Set down the lines of the data exactly, starting at the first and stopping after the line containing "06 AOÛT 2021".
[Data supplied — start]
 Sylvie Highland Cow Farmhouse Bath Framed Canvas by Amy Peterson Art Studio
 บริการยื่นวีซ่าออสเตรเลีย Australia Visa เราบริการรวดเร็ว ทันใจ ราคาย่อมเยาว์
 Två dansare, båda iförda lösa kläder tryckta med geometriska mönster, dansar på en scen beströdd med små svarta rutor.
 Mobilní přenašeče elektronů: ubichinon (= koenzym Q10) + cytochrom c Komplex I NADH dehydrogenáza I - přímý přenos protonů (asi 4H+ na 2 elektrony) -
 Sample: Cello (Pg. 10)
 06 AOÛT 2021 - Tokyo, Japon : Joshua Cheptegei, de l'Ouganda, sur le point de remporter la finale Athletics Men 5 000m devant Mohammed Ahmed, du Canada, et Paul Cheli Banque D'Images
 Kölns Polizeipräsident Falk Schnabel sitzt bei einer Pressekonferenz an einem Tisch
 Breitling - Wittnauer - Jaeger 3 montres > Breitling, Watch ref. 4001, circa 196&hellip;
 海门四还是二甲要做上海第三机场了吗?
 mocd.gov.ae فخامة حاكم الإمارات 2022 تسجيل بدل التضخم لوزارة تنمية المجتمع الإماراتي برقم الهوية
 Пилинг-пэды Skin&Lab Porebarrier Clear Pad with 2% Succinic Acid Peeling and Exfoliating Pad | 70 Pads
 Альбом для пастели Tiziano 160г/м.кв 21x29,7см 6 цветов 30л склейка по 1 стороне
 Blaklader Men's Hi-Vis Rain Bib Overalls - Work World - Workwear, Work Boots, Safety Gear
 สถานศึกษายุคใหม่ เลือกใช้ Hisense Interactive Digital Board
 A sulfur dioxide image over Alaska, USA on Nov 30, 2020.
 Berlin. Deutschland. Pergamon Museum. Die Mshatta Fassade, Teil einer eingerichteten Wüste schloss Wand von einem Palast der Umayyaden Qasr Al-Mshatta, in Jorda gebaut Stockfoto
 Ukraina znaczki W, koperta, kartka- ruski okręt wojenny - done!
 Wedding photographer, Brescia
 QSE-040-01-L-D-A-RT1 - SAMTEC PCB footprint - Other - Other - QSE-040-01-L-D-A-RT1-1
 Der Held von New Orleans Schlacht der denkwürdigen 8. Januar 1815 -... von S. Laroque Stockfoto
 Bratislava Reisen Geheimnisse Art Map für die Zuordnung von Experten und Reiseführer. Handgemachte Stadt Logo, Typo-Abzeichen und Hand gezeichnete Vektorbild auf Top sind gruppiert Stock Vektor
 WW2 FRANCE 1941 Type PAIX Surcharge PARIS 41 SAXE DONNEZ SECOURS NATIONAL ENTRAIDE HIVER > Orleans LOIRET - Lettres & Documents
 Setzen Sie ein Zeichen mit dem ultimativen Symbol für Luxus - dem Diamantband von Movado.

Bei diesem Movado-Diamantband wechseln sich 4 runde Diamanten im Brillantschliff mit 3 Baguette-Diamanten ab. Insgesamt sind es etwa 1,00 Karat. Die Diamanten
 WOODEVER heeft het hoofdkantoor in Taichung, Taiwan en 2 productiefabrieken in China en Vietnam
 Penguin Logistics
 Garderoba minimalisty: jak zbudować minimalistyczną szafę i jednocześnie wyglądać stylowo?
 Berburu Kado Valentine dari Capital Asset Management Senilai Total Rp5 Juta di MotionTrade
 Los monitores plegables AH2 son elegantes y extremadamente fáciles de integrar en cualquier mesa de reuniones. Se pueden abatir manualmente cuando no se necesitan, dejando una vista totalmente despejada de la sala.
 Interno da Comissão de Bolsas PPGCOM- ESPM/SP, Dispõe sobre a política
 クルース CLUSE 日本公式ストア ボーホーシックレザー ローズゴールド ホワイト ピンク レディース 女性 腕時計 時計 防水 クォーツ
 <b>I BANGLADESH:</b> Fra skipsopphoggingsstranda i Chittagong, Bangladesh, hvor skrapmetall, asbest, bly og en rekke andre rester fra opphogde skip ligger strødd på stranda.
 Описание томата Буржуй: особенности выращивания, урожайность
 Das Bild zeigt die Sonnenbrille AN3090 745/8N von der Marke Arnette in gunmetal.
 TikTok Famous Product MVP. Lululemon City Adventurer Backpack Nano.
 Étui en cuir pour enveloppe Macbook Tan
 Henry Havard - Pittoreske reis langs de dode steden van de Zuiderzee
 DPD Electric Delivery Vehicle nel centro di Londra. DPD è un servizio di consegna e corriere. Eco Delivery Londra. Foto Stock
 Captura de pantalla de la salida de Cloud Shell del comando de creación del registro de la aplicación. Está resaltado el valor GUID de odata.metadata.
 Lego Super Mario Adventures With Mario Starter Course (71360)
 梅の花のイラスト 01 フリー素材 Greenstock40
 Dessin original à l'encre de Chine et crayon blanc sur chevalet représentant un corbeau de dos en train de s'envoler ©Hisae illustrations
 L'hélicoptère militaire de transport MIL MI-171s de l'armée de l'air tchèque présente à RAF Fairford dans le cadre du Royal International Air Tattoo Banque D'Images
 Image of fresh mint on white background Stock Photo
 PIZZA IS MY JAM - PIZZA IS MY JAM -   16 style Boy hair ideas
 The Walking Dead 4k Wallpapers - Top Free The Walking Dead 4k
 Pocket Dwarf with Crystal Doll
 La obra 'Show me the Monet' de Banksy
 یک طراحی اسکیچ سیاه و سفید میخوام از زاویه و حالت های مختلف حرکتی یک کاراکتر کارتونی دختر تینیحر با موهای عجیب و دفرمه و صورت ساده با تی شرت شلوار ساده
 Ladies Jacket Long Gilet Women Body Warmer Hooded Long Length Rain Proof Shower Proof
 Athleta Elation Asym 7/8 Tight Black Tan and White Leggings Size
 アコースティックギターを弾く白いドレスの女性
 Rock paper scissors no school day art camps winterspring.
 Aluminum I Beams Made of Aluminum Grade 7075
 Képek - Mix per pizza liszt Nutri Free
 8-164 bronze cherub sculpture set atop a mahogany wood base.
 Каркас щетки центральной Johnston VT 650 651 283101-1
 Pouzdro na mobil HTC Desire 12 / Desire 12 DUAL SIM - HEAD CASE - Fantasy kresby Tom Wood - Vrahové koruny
[Data supplied — finish]
# Response area
 Sylvie Highland Cow Farmhouse Bath Framed Canvas by Amy Peterson Art Studio
 บริการยื่นวีซ่าออสเตรเลีย Australia Visa เราบริการรวดเร็ว ทันใจ ราคาย่อมเยาว์
 Två dansare, båda iförda lösa kläder tryckta med geometriska mönster, dansar på en scen beströdd med små svarta rutor.
 Mobilní přenašeče elektronů: ubichinon (= koenzym Q10) + cytochrom c Komplex I NADH dehydrogenáza I - přímý přenos protonů (asi 4H+ na 2 elektrony) -
 Sample: Cello (Pg. 10)
 06 AOÛT 2021 - Tokyo, Japon : Joshua Cheptegei, de l'Ouganda, sur le point de remporter la finale Athletics Men 5 000m devant Mohammed Ahmed, du Canada, et Paul Cheli Banque D'Images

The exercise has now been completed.